*** Opening of THE DATA ***

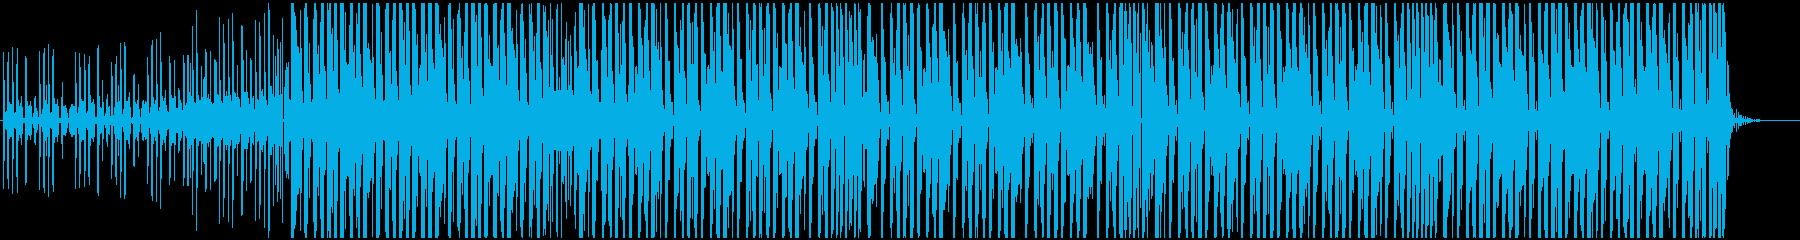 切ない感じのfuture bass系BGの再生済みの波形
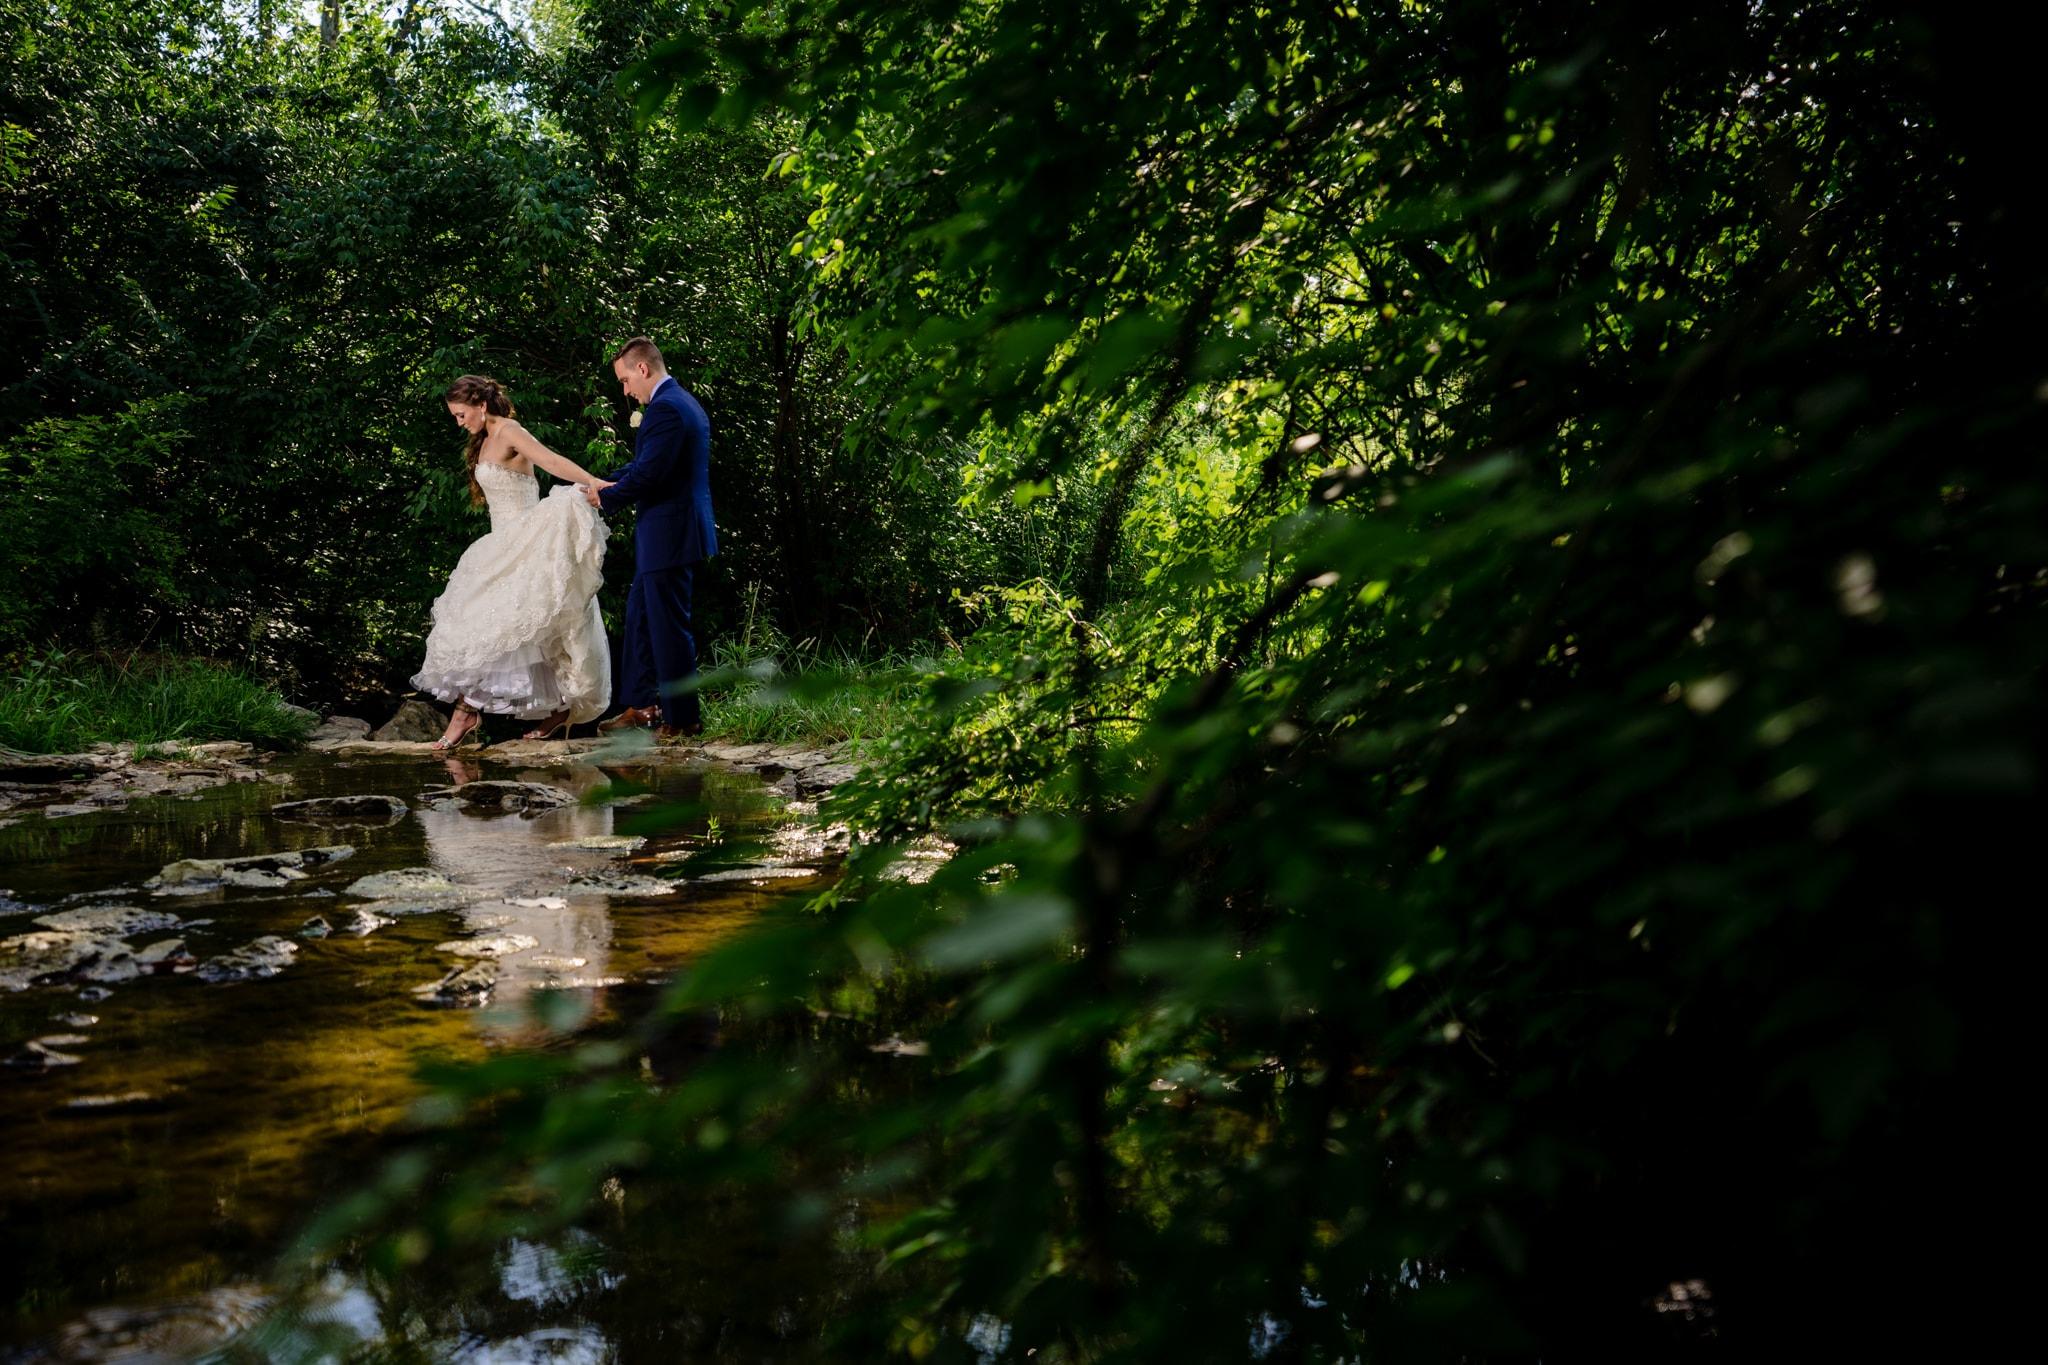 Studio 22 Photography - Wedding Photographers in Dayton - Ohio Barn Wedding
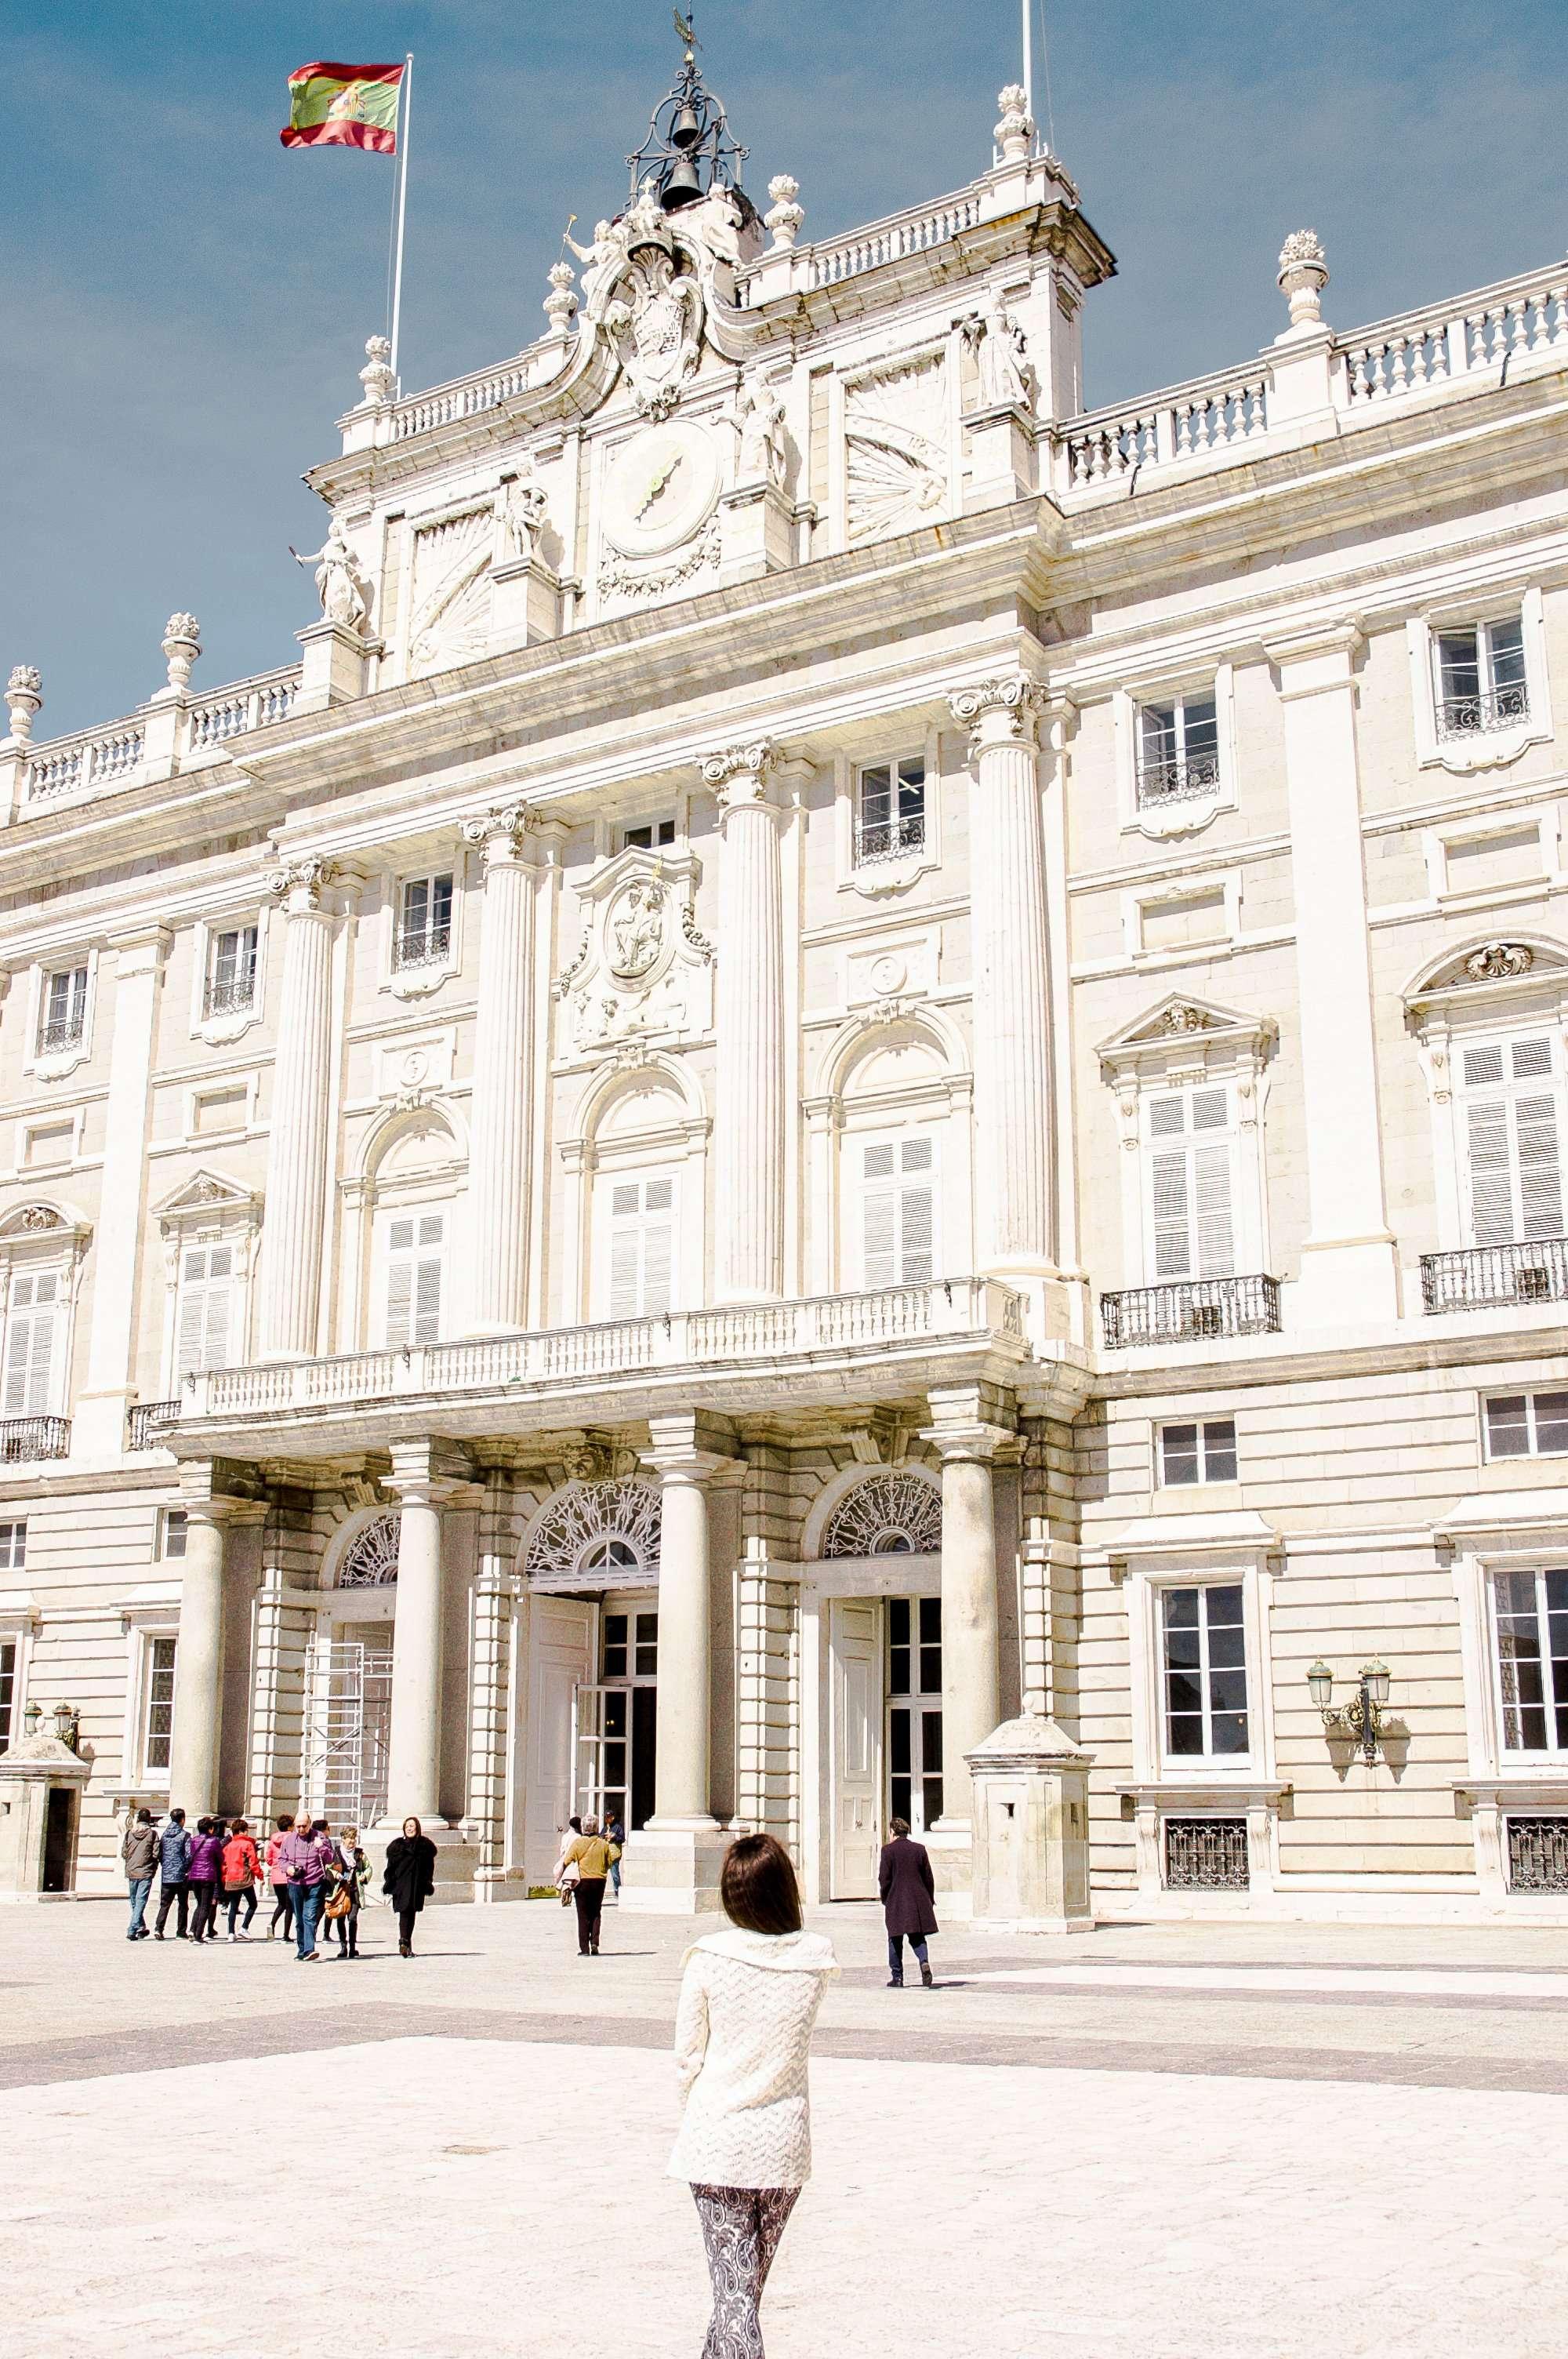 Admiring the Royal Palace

*** Close of THE DATA ***

TASK OBJECTIVE:
Apart from the pictures, restate all of the listing above exactly.

ANSWER SECTION:
 切ない感じのfuture bass系BGの再生済みの波形
 Studio 22 Photography - Wedding Photographers in Dayton - Ohio Barn Wedding
 Admiring the Royal Palace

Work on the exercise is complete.